Metadata-Version: 2.1
Name: cape-privacy
Version: 0.3.0
Summary: Cape manages secure access to all of your data.
Home-page: https://github.com/capeprivacy/cape-python
Author: Cape Privacy
Author-email: contact@capeprivacy.com
License: Apache License 2.0
Description: # Cape Python
        
        ![](https://github.com/capeprivacy/cape-python/workflows/Main/badge.svg) 

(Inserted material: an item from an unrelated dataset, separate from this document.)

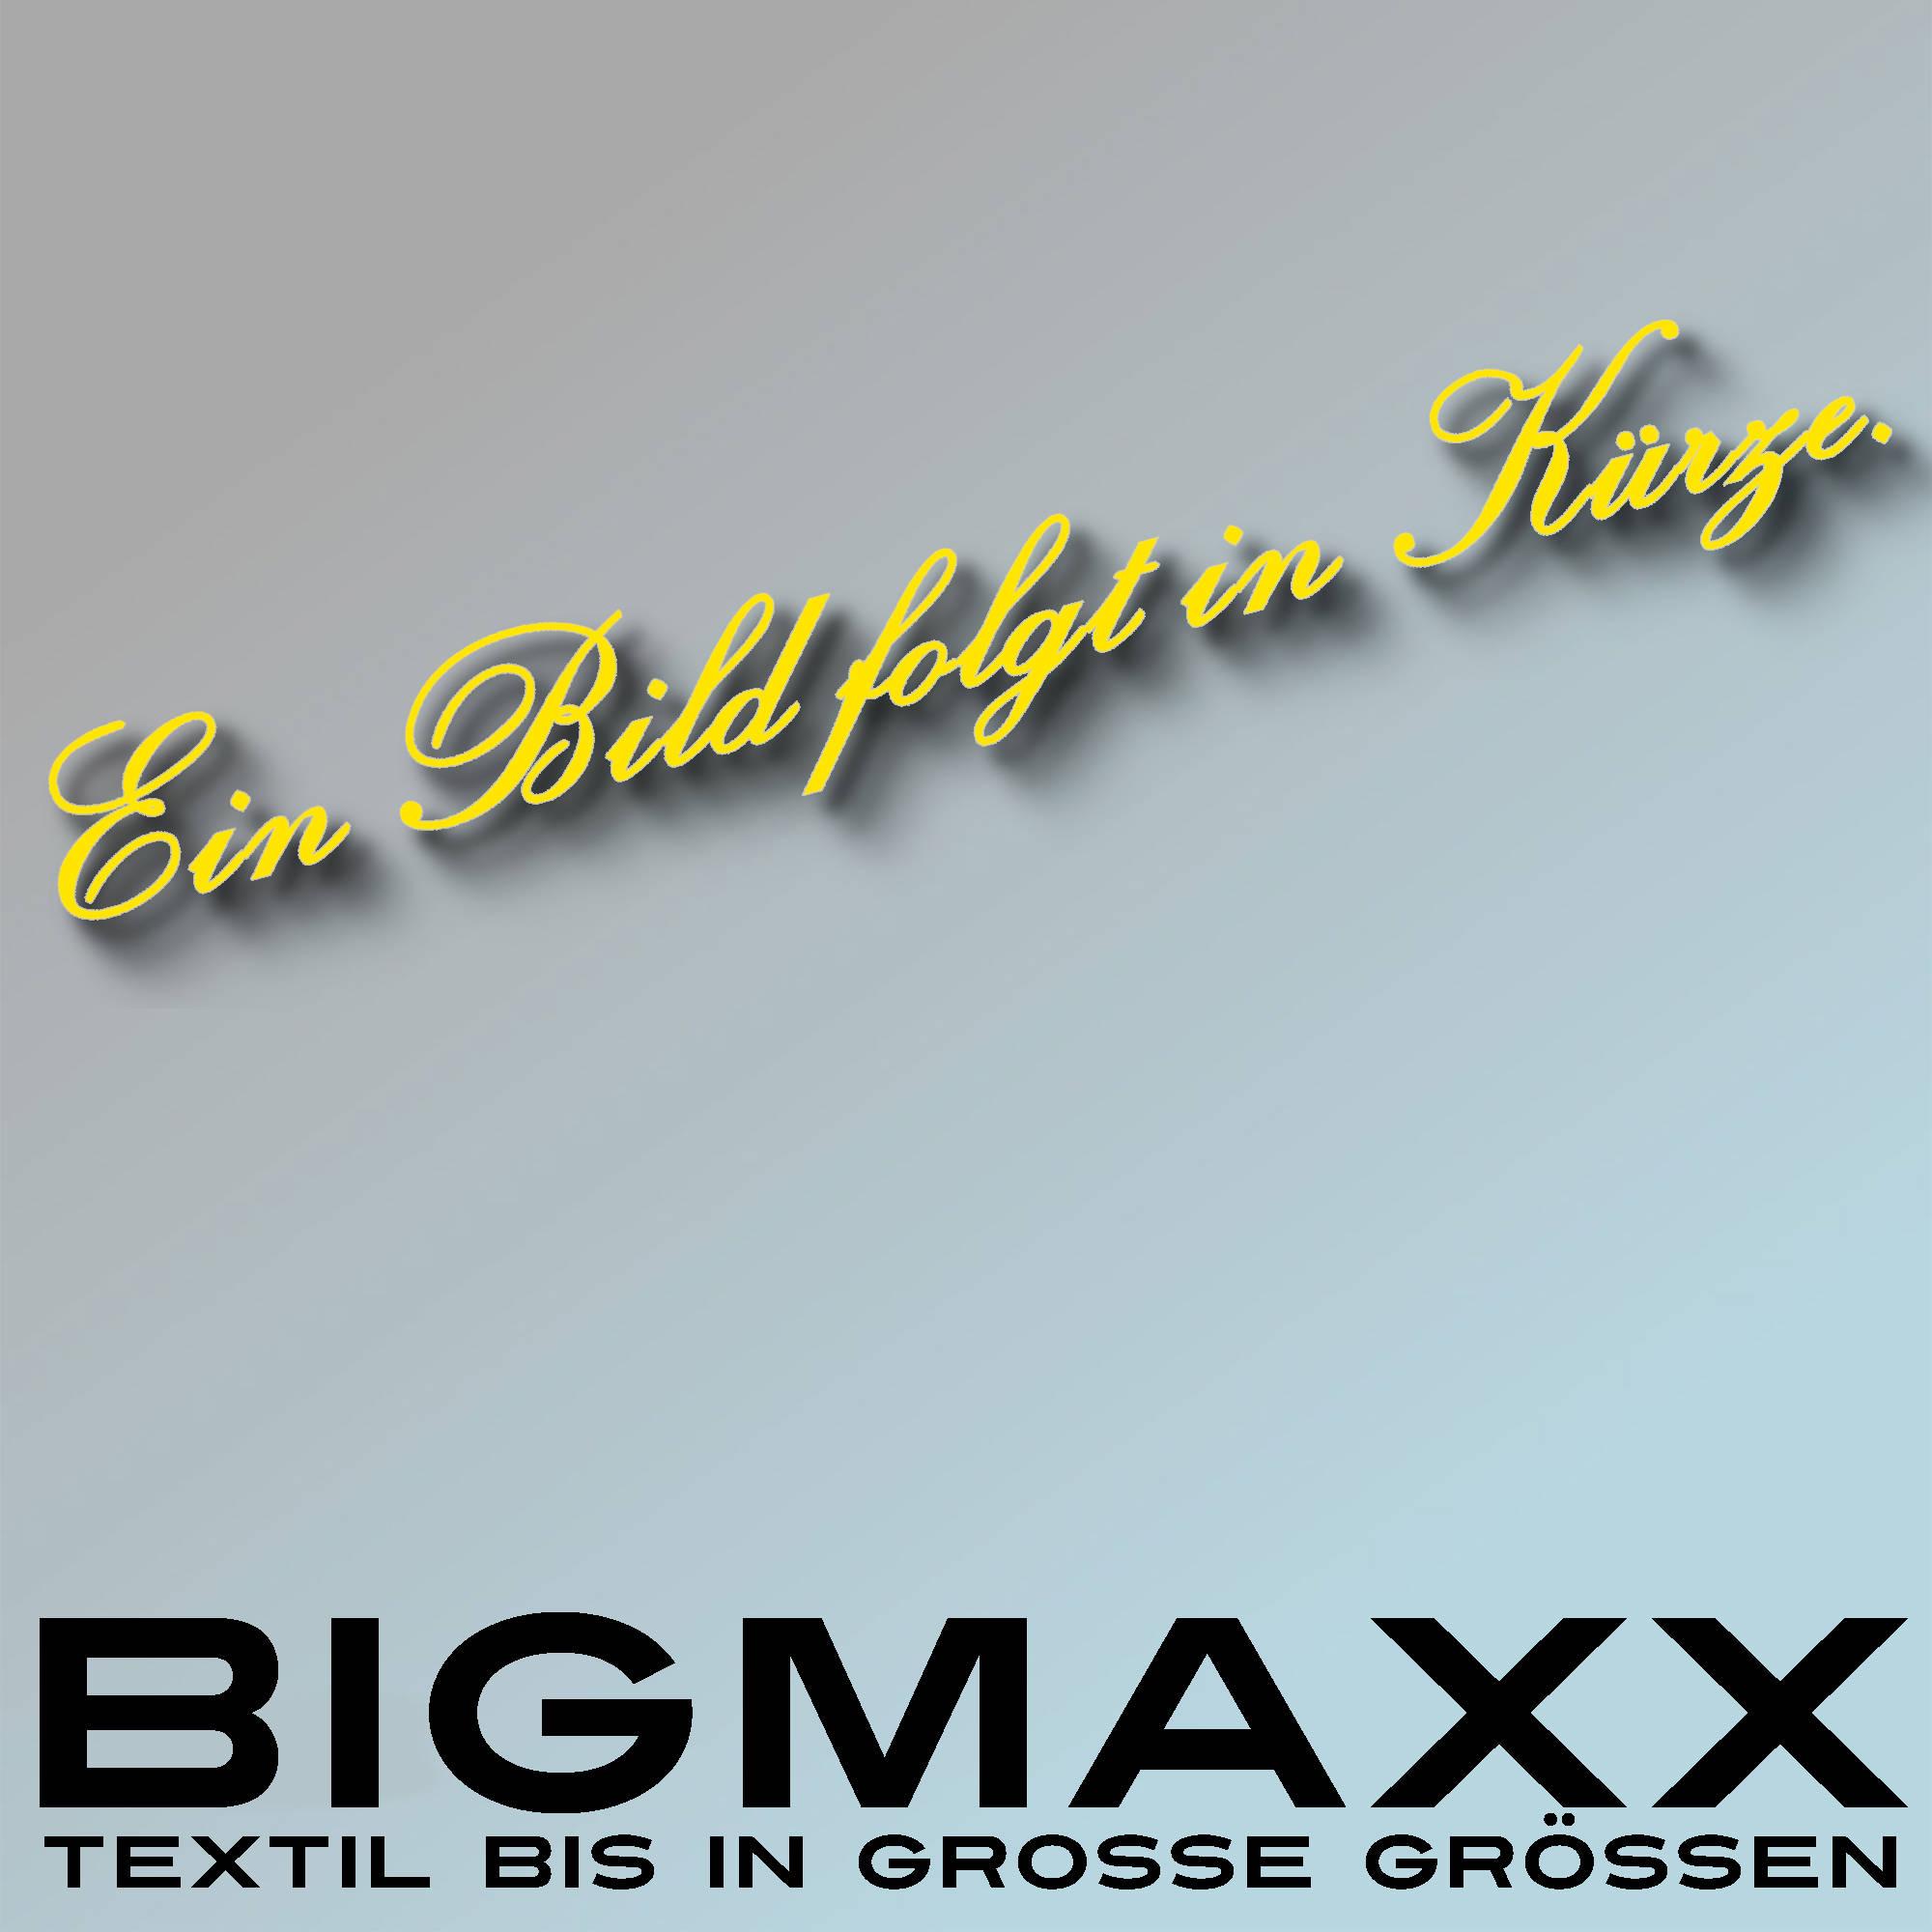 4PROtect Softshell-Jacke OHIO Arbeitsjacke Workwear in drei Farben Gr S bis 4XL

        [![License](https://img.shields.io/badge/License-Apache%202.0-blue.svg)](https://opensource.org/licenses/Apache-2.0) 
        [![codecov](https://codecov.io/gh/capeprivacy/cape-python/branch/master/graph/badge.svg?token=L9A8HFAJK5)](https://codecov.io/gh/capeprivacy/cape-python)
        [![PyPI version](https://badge.fury.io/py/cape-privacy.svg)](https://badge.fury.io/py/cape-privacy)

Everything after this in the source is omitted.